Childbirth-related post-traumatic stress disorder is a psychological disorder that can develop in women who have recently given birth. This disorder can also affect men or partners who have observed a difficult birth. Its symptoms are not distinct from post-traumatic stress disorder (PTSD).

Signs and symptoms
Examples of symptoms of childbirth-related post-traumatic stress disorder include intrusive symptoms such as flashbacks and nightmares, as well as symptoms of avoidance (including amnesia for the whole or parts of the event), problems in developing a mother-child attachment, not having sexual intercourse in order to prevent another pregnancy, and avoidance of birth- and pregnancy-related issues.  Symptoms of increasing stress can be sweating, trembling, being irritated, and sleep disturbances.

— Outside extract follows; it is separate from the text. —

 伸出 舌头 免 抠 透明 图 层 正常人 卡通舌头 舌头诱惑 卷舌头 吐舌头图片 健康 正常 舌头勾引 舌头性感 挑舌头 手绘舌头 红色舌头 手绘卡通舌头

Other examples of symptoms of paternal childbirth-related post-traumatic stress disorder include anxiety or intense fear of losing their birthgiving partner or the child. This can lead to difficulties in the father-child connection.

Cause
Birth can be traumatic in different ways. Medical problems can result in interventions that can be frightening. The near death of a mother or baby, heavy bleeding, and emergency operations are examples of situations that can cause psychological trauma. Premature birth may be traumatic.
Emotional difficulties in coping with the pain of childbirth can also cause psychological trauma. Lack of support, or insufficient coping strategies to deal with the pain are examples of situations that can cause psychological trauma. However, even normal birth can be traumatic, and thus PTSD is diagnosed based on symptoms of the mother and not whether or not there were complications.
Additionally, in the process of birth, medical professionals who are there to aid the birthing mother may need to examine and perform procedures in the genital regions.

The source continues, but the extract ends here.